## Task requirements:
The answer should hold only the lines from the one containing "Portrét Johna Coltrana" through the one containing "Porsche Porsche 911" in the entries below, copied exactly, without pictures.

## Dataset content:
____

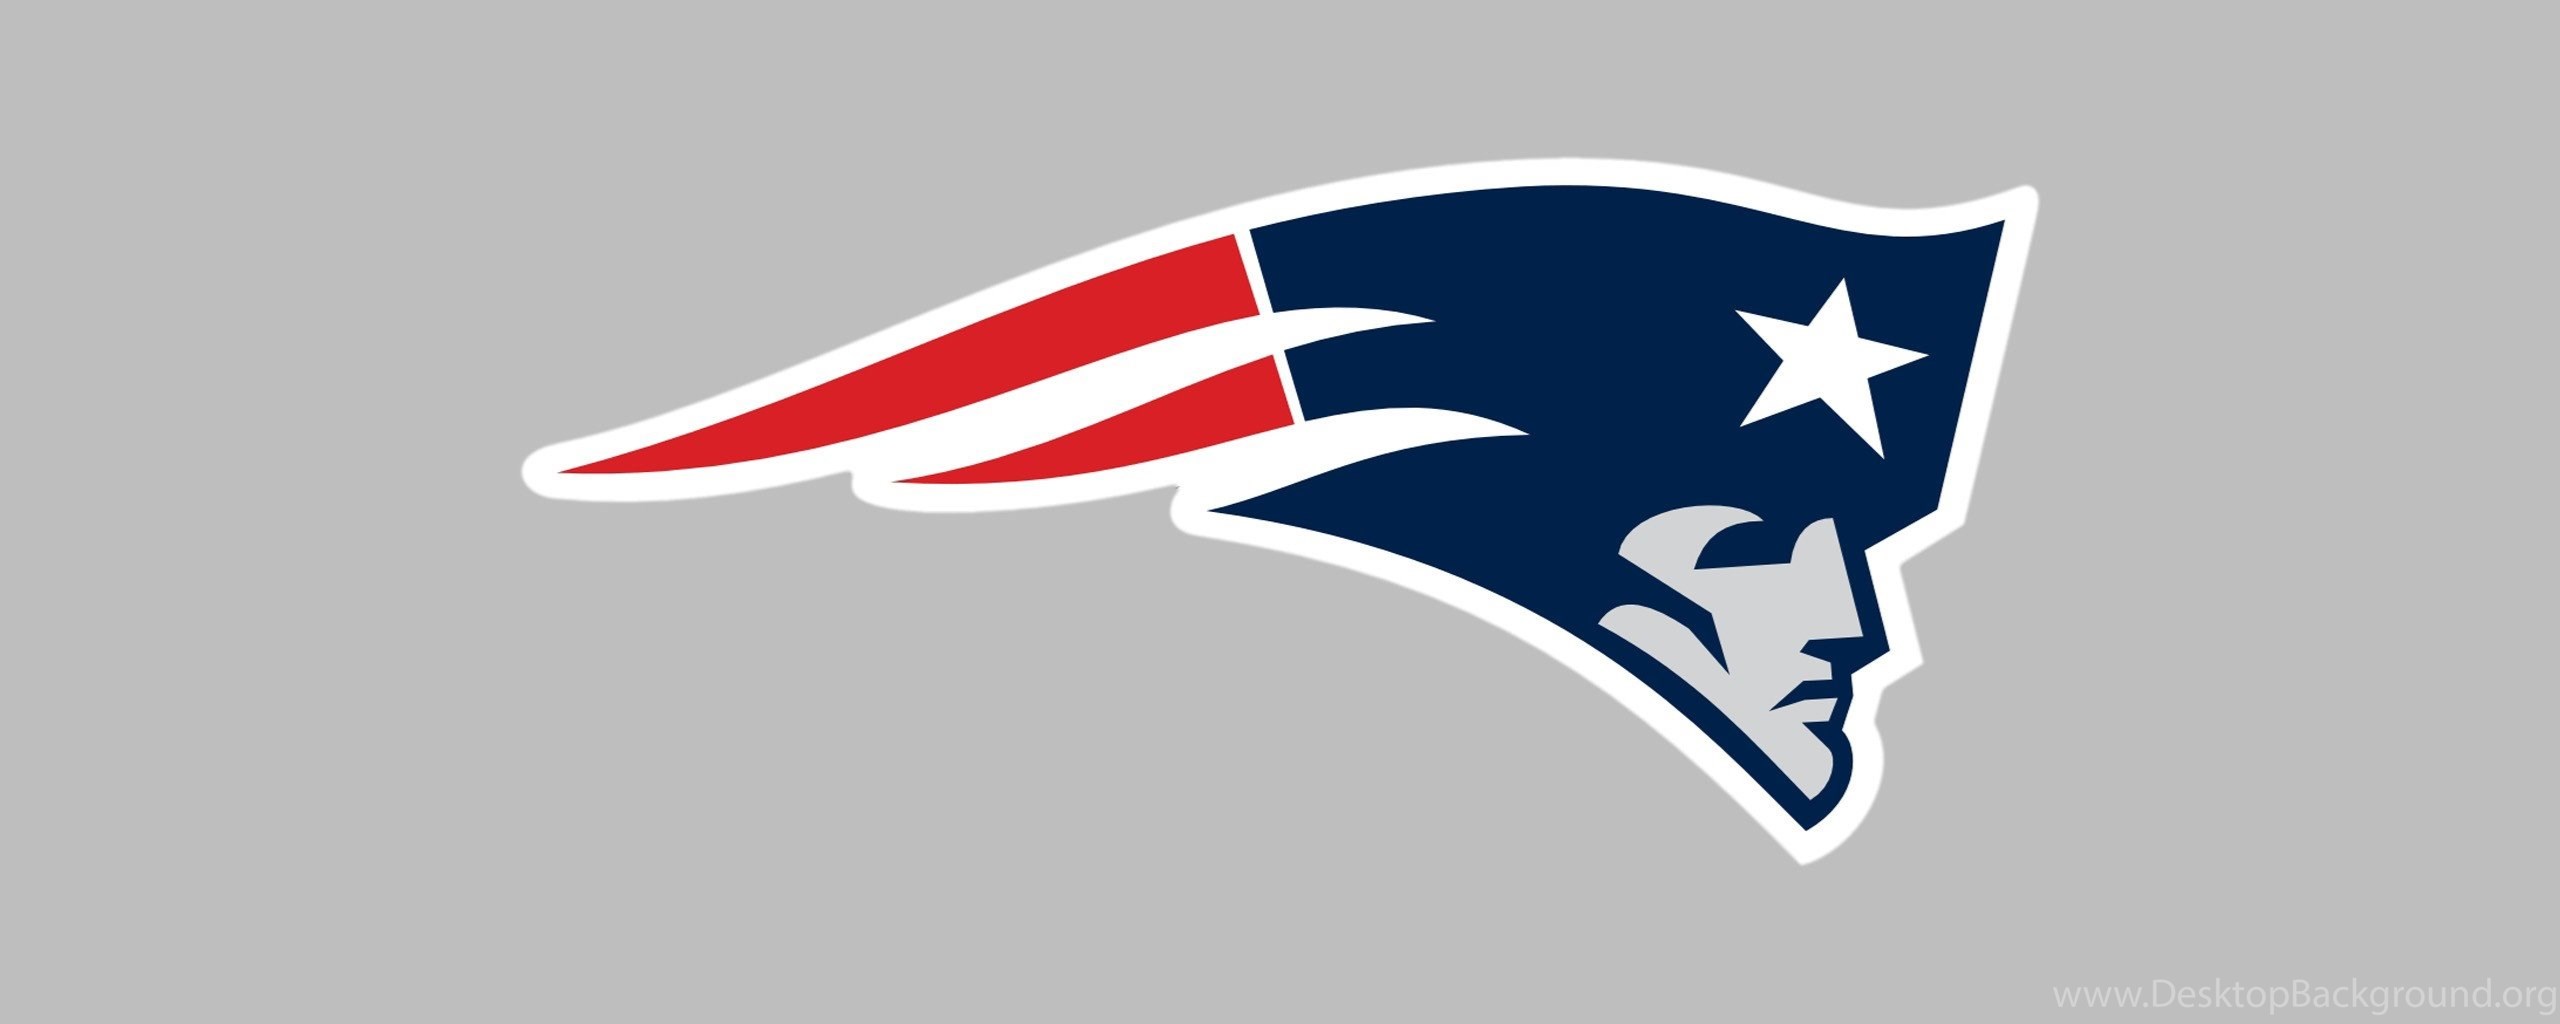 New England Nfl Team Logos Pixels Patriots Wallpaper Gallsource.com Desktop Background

____

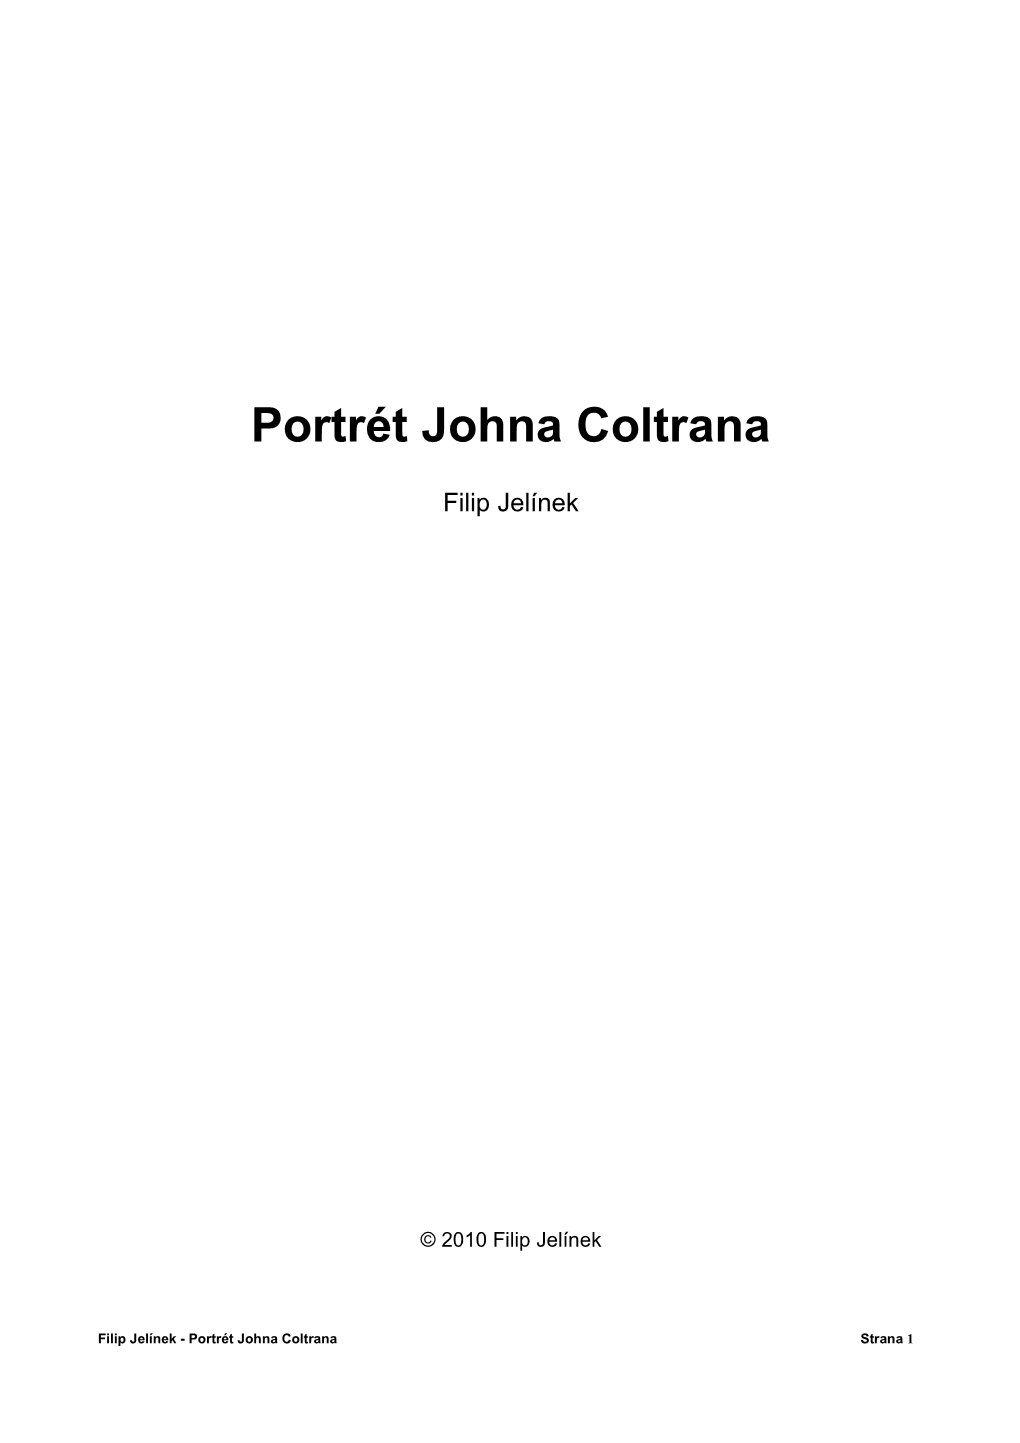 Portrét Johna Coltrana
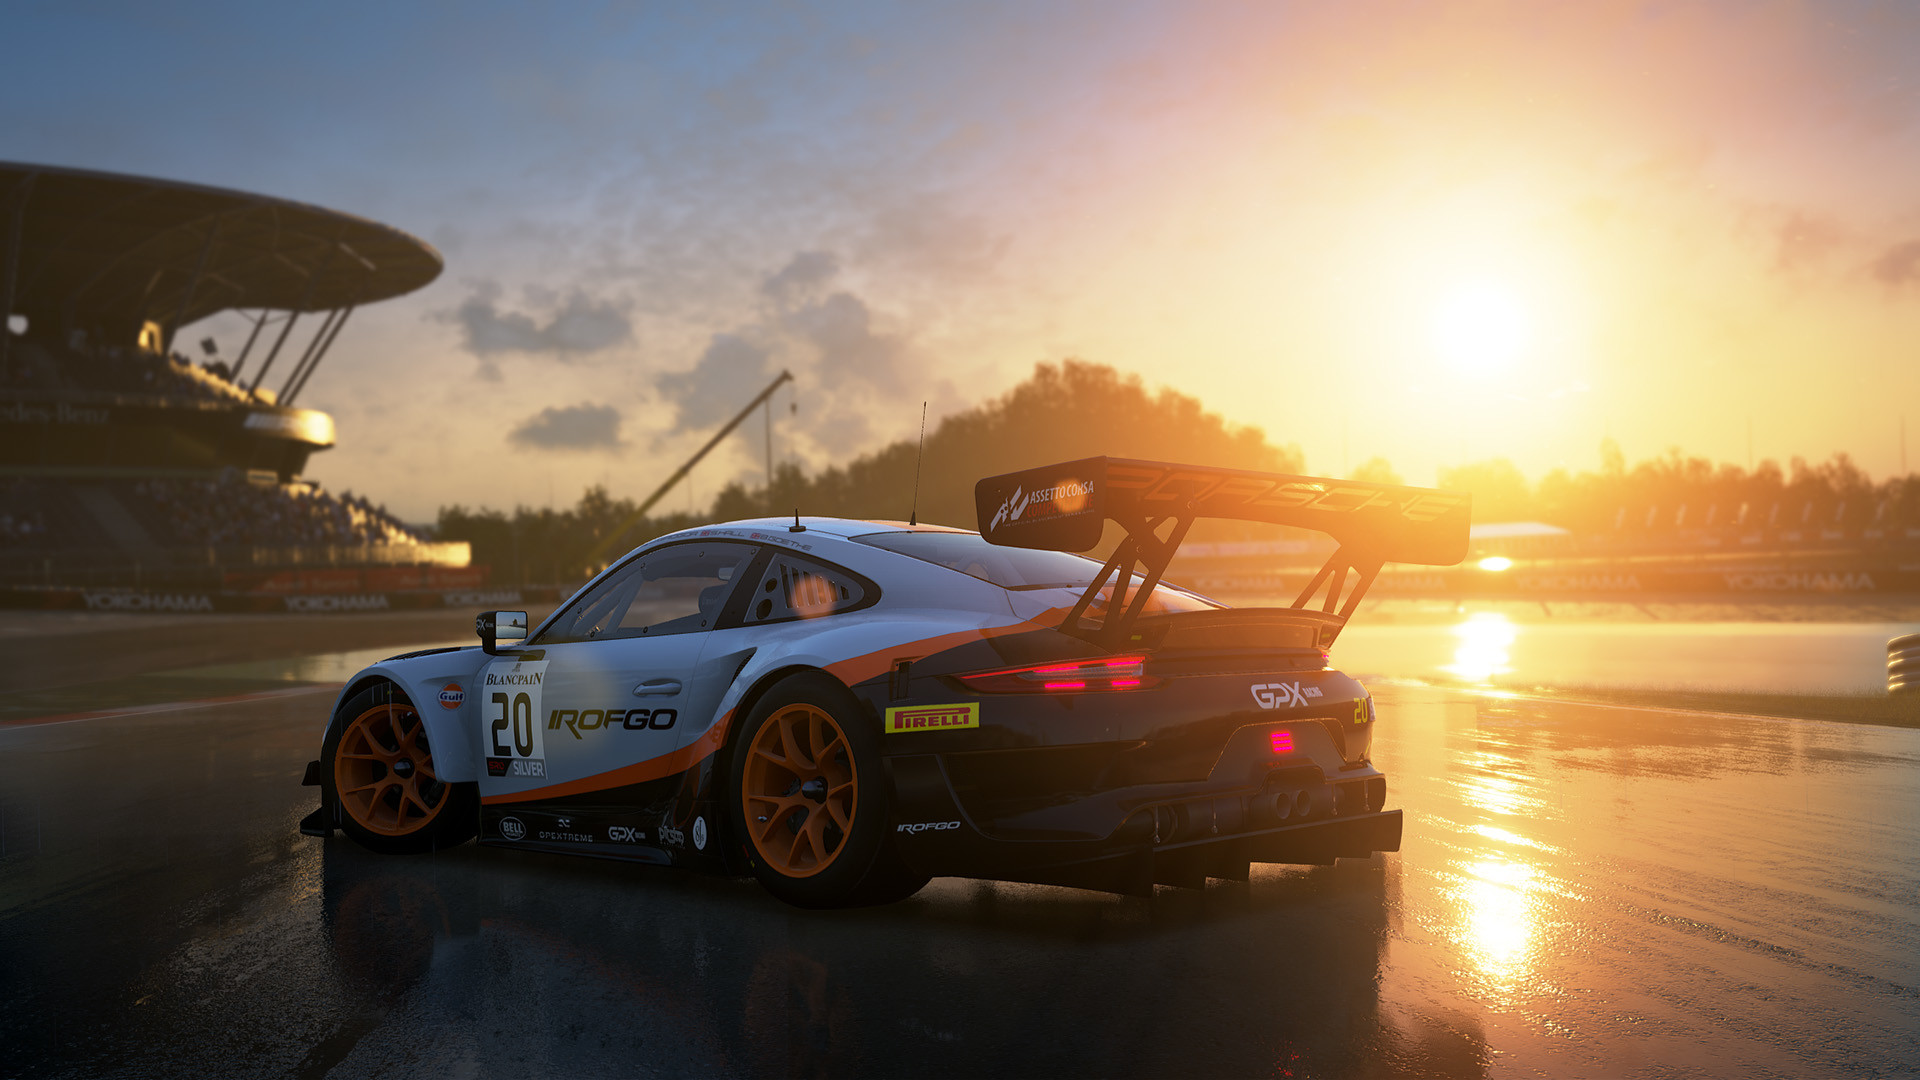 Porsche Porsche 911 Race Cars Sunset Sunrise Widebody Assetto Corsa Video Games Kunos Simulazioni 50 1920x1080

____

## Result:
 Portrét Johna Coltrana
 Porsche Porsche 911 Race Cars Sunset Sunrise Widebody Assetto Corsa Video Games Kunos Simulazioni 50 1920x1080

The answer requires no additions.